Here, the "combustion oscillation period T" is determined based on the combustion oscillation occurrence frequency, and assuming that the combustion oscillation occurrence frequency is f, the corresponding combustion oscillation period T is t=1/f.

The "axial spacing L" here satisfies: the principle of L/v=t/8 "is to control the time-of-flight difference of fuel injected from adjacent fuel injection holes to the flame face to be 1/8 combustion oscillation period.

The beneficial effect of this arrangement lies in, can make the delay time between heat release rate pulsation and the pressure pulsation lie in 1/4 oscillation period outside, prevents that heat release rate pulsation and pressure pulsation from taking place forward coupling, reduces the frequency of occurrence of burning oscillation, eliminates the condition of burning oscillation when the oscillation combustion takes place, guarantees stable burning.

Referring to fig. 1-5, in some embodiments, a specific configuration of the fuel nozzle 100 may be that the fuel nozzle 100 includes a first state and a second state:

in the first state, the fuel injection holes 12 of the injection hole groups 121, 122, 123, 124 of all the fuel rings 1 are in an open state.
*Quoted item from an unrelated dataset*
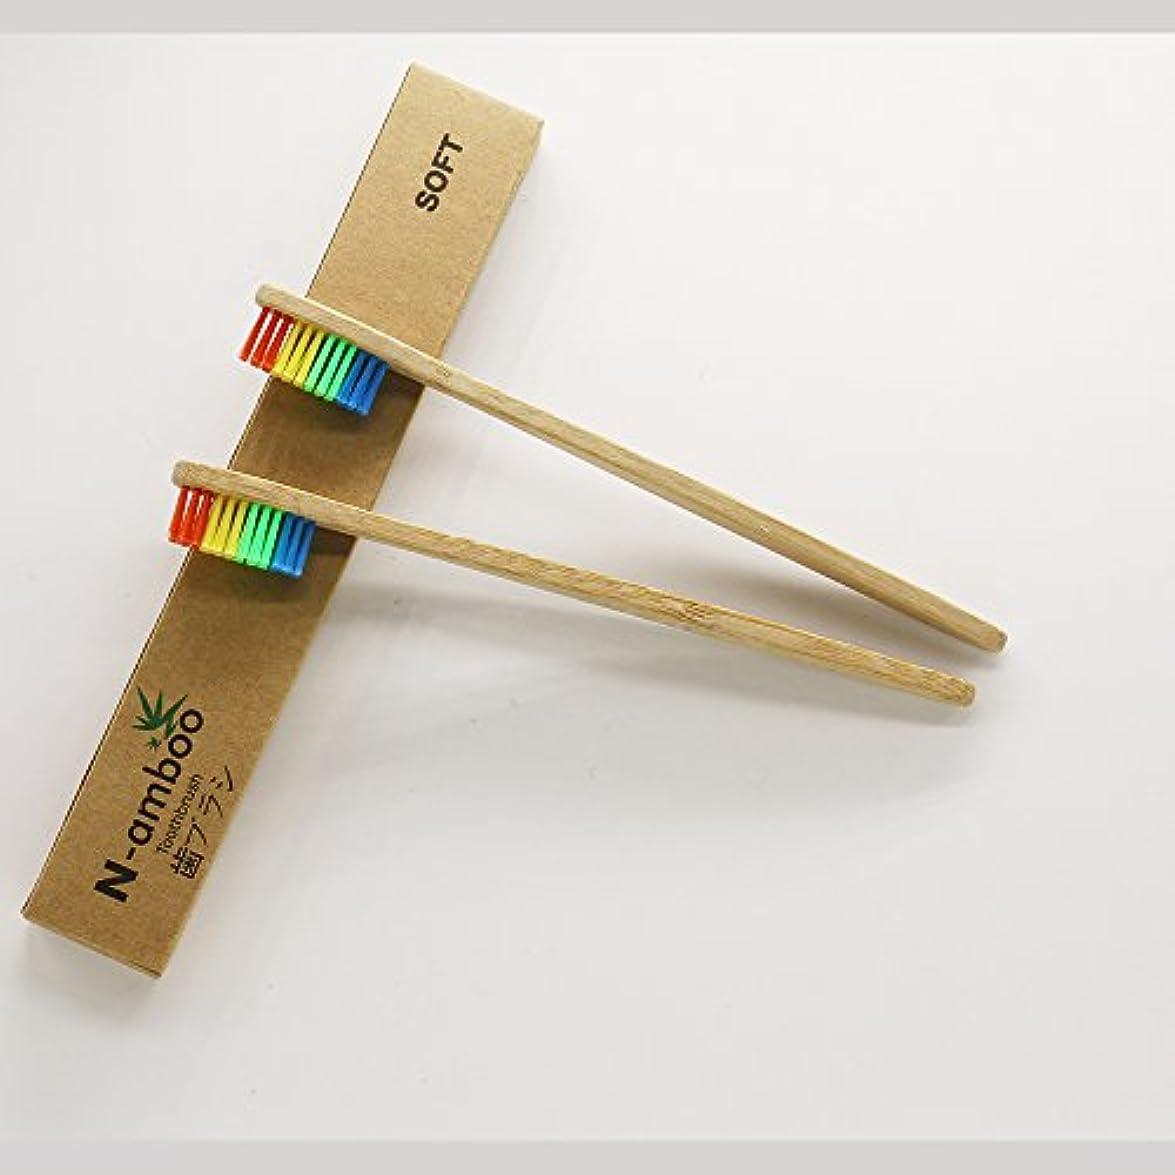 分離モッキンバード下N-amboo 竹製 耐久度高い 歯ブラシ 四色 虹(にじ) 2本入り セット

At this time, the combustion is in a steady state.

In the second state, the fuel injection holes 12 of the injection hole groups 121, 122, 123, 124 of the part of the fuel ring 1 are in a closed state, and the remaining injection hole groups 121, 122, 123, 124 constitute a combination to form the oscillation-suppressed combustion. At this time, the combustion is in an oscillating state.

The principle is that after combustion oscillation occurs, the phase difference between heat release rate pulsation and pressure pulsation generated by fuel combustion is obtained through calculation, analysis or test measurement, at the moment, only a spray hole group at a specific axial position is selected to spray materials, the phase relation between the heat release rate pulsation and the pressure pulsation, namely the magnitude of delay time is regulated, so that the delay time is outside 1/4 of the oscillation period, the heat release rate pulsation and the pressure pulsation are not positively coupled, oscillation combustion is eliminated, and the combustion is recovered and stabilized.

In some embodiments, the nozzle groups at different axial positions are controlled by different valve switches, so that the nozzle groups at specific axial positions can be freely and flexibly selected to inject fuel under different oscillation combustion occurrence conditions, the flight time of the fuel reaching the flame front is regulated and controlled, the required delay time between the heat release rate pulsation and the pressure pulsation is obtained, the forward coupling of the heat release rate pulsation and the pressure pulsation is eliminated, the oscillation combustion is restrained, and the combustion is restored to a stable state.

Referring to FIG. 1, in some embodiments, the fuel nozzle 100 further includes a first swirler 301, the first swirler 301 being located upstream of the annular chamber 201 in fluid communication with the plurality of fuel injection holes 12. The structure is simple, and fuel sprayed by the fuel spray holes and the incoming flow passing through the first cyclone can be mixed in advance to form fuel spray for combustion.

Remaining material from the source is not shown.